An insightful reflection on approaches considered and implemented for remote assessment.
—Ingrid Rewitzky
Dirk Basson shares his journey of exploring relevant and effective assessment tools with online learning. He considers the underlying reasons for assessing our students and tackles some important issues.
What motivates students to learn? I think most University students have some innate curiosity for material if it is properly motivated. This curiosity is often satisfied when passively listening to lectures, but most educators know that this is not where true learning happens. True learning only happens when students start actively grappling with the concepts, techniques and problems of a course by themselves. Unfortunately a mild curiosity is not usually enough to drive students to spend the significant amount of energy required on such an activity, especially if they are under pressure to do this for many modules at the same time. Students end up being motivated more by the looming assessments than the learning activities or the material itself, especially as the semester reaches its end. Therefore assessments need to be carefully designed to encourage the kind of learning we want to see in our students.

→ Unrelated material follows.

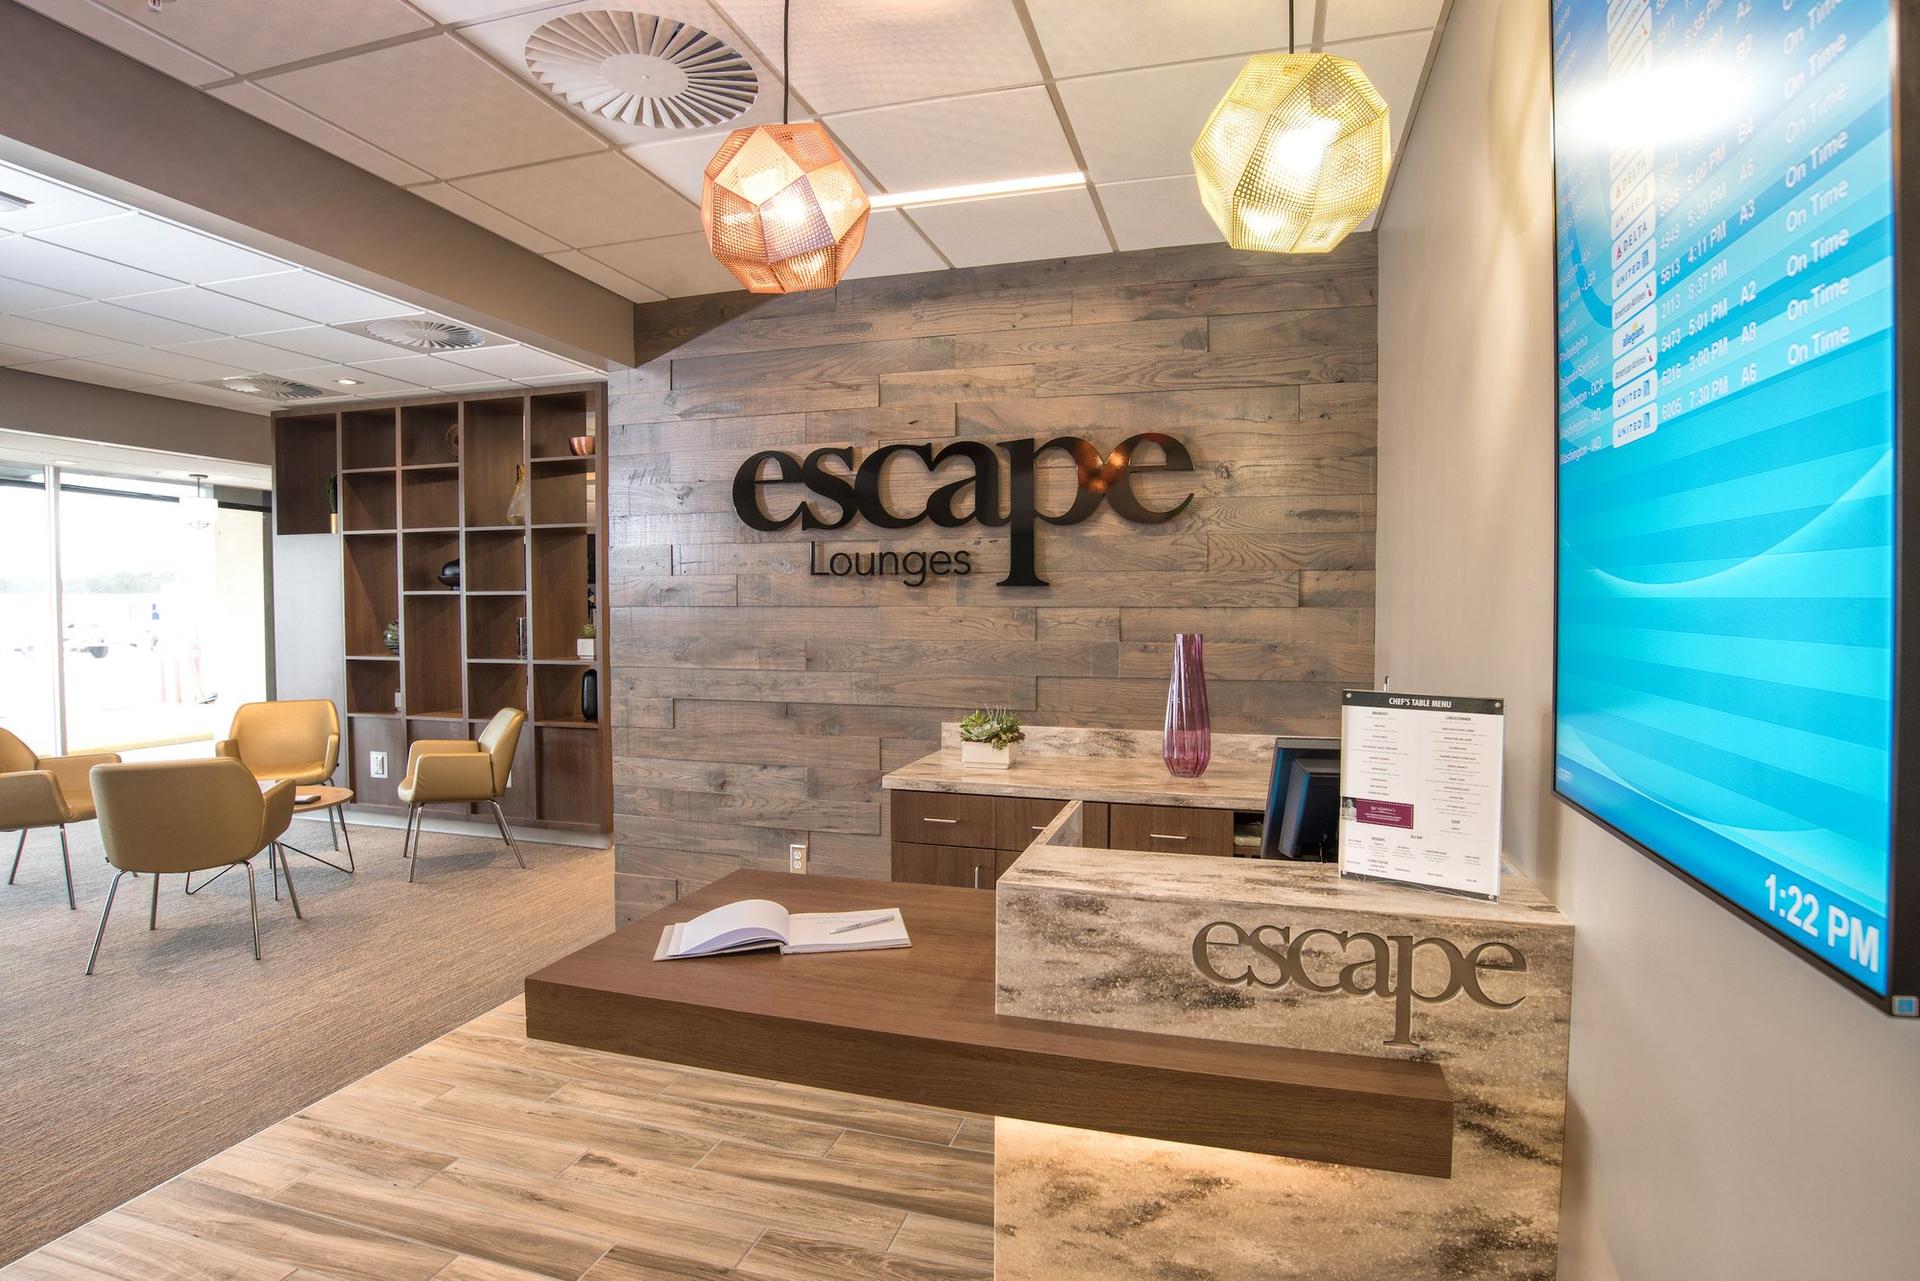 Escape Lounges - The Centurion® Studio Partner image 14 of 19

With the move to teaching online in March 2020 due to the Covid19 pandemic, there was an opportunity for us to rethink our assessment strategies. In addition, we had to keep in mind the unusual circumstances under which students would be writing the assessments. I would like to share some of the ideas I used and some reflections on how they turned out.
Here are a few considerations influencing my decisions:
 There is no way of effectively preventing students from using course materials, so they may as well be allowed for everyone during assessments.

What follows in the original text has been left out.